INFORMATION PROVIDED Start Marker
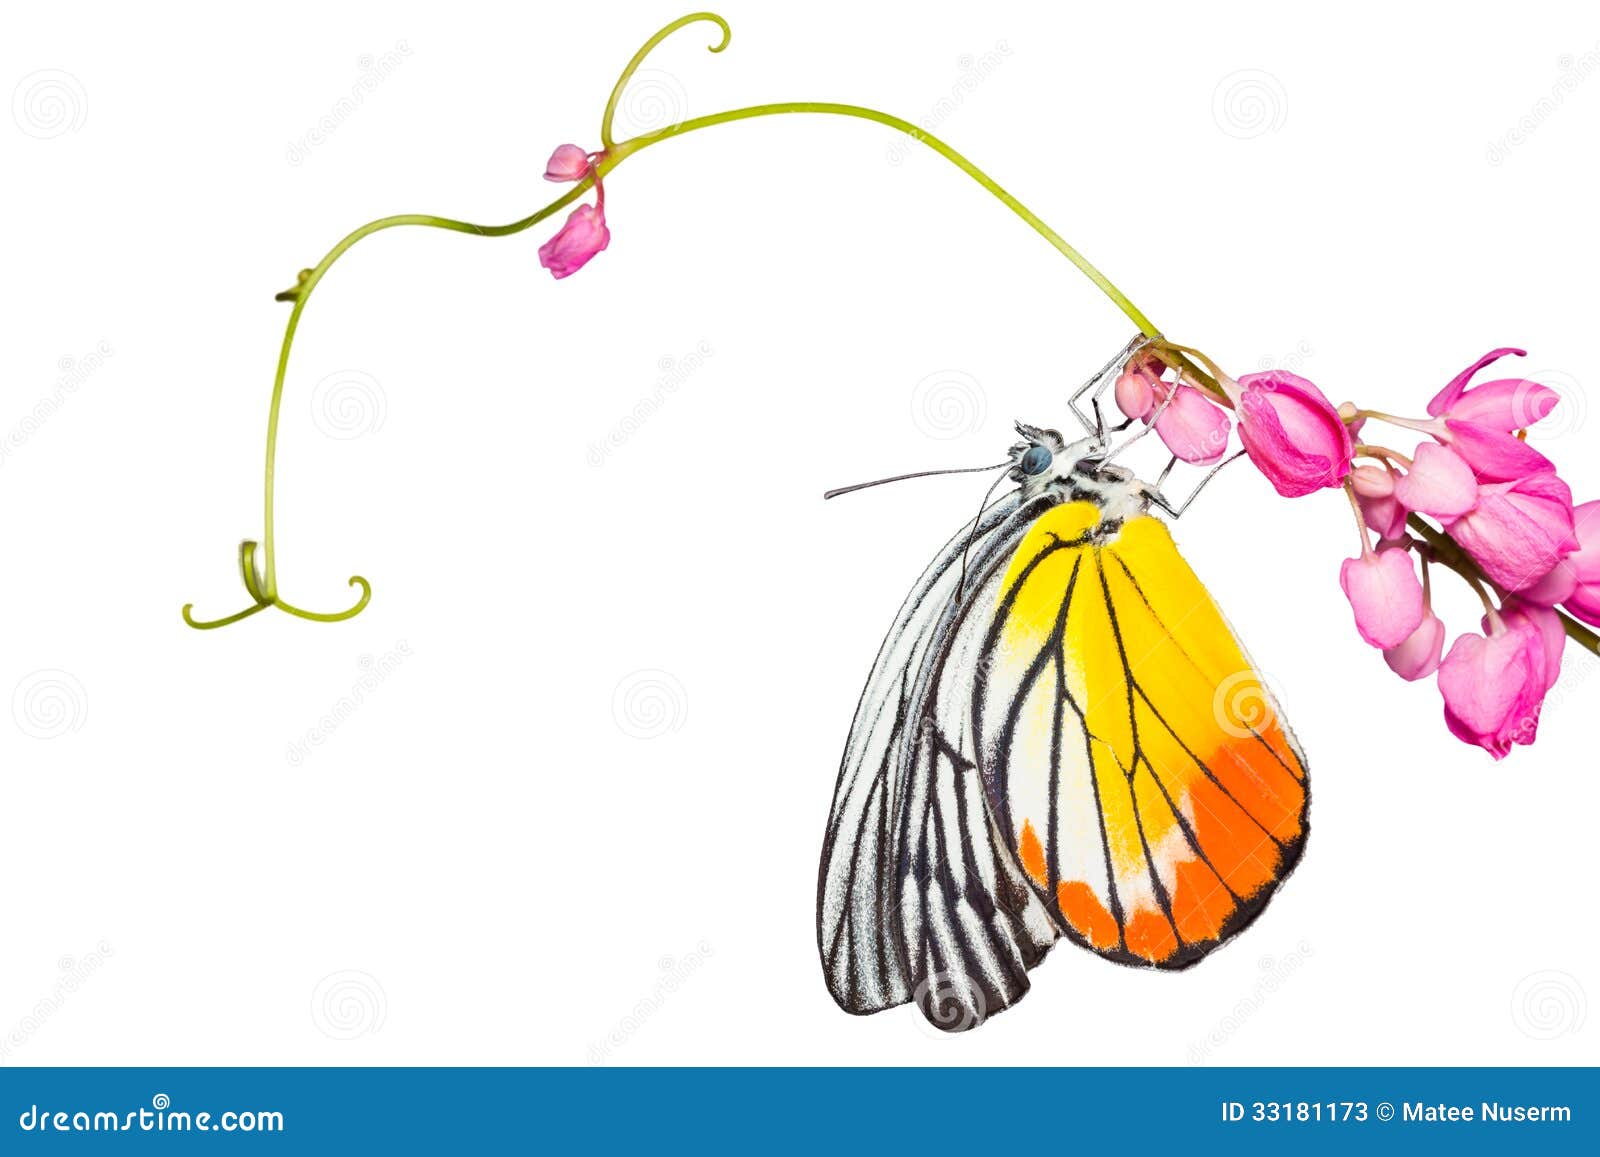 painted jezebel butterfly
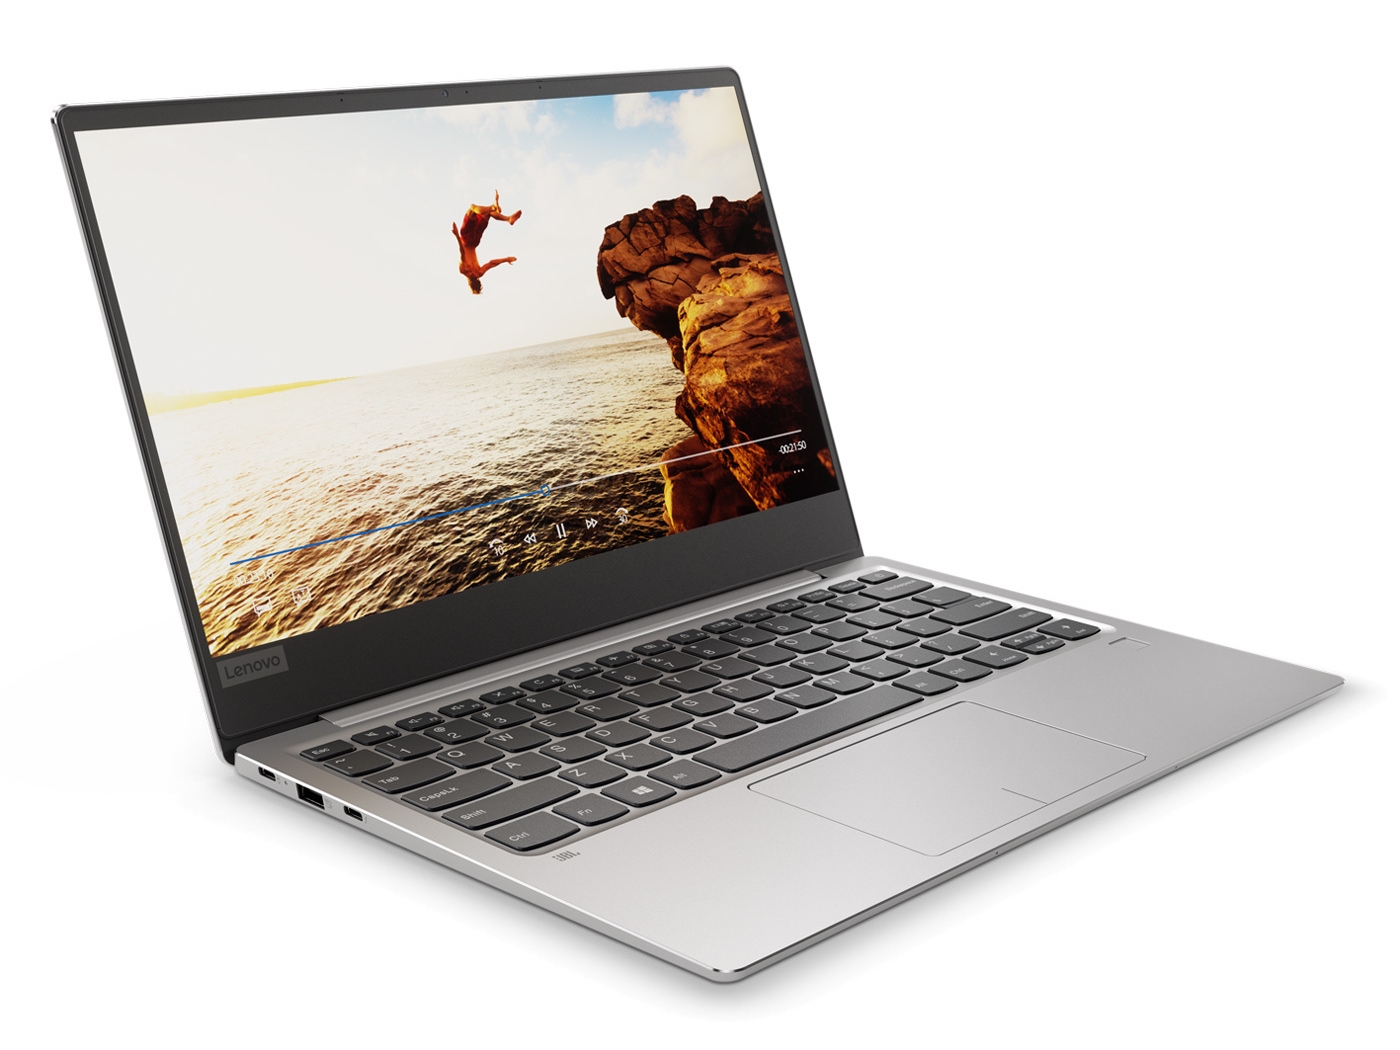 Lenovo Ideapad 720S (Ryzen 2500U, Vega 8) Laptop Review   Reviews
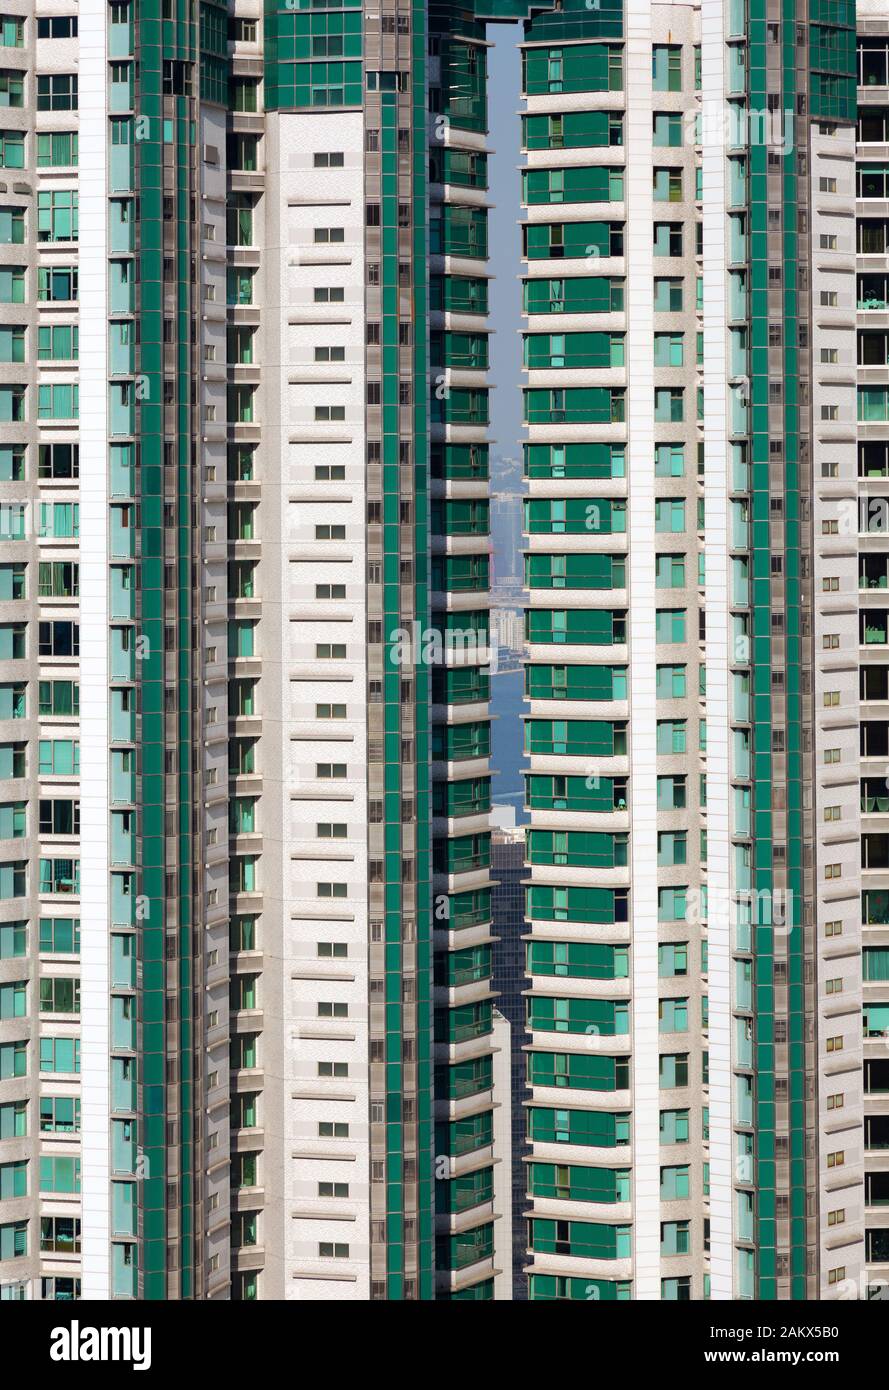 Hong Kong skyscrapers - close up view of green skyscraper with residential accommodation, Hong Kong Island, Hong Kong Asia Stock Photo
INFORMATION PROVIDED End Marker
WORK TO COMPLETE> Your reply should give again exactly the lines from the one with "Lenovo Ideapad 720S" through the last line of the data, with both ends included and pictures left out.

TASK SOLUTION>
 Lenovo Ideapad 720S (Ryzen 2500U, Vega 8) Laptop Review   Reviews
 Hong Kong skyscrapers - close up view of green skyscraper with residential accommodation, Hong Kong Island, Hong Kong Asia Stock Photo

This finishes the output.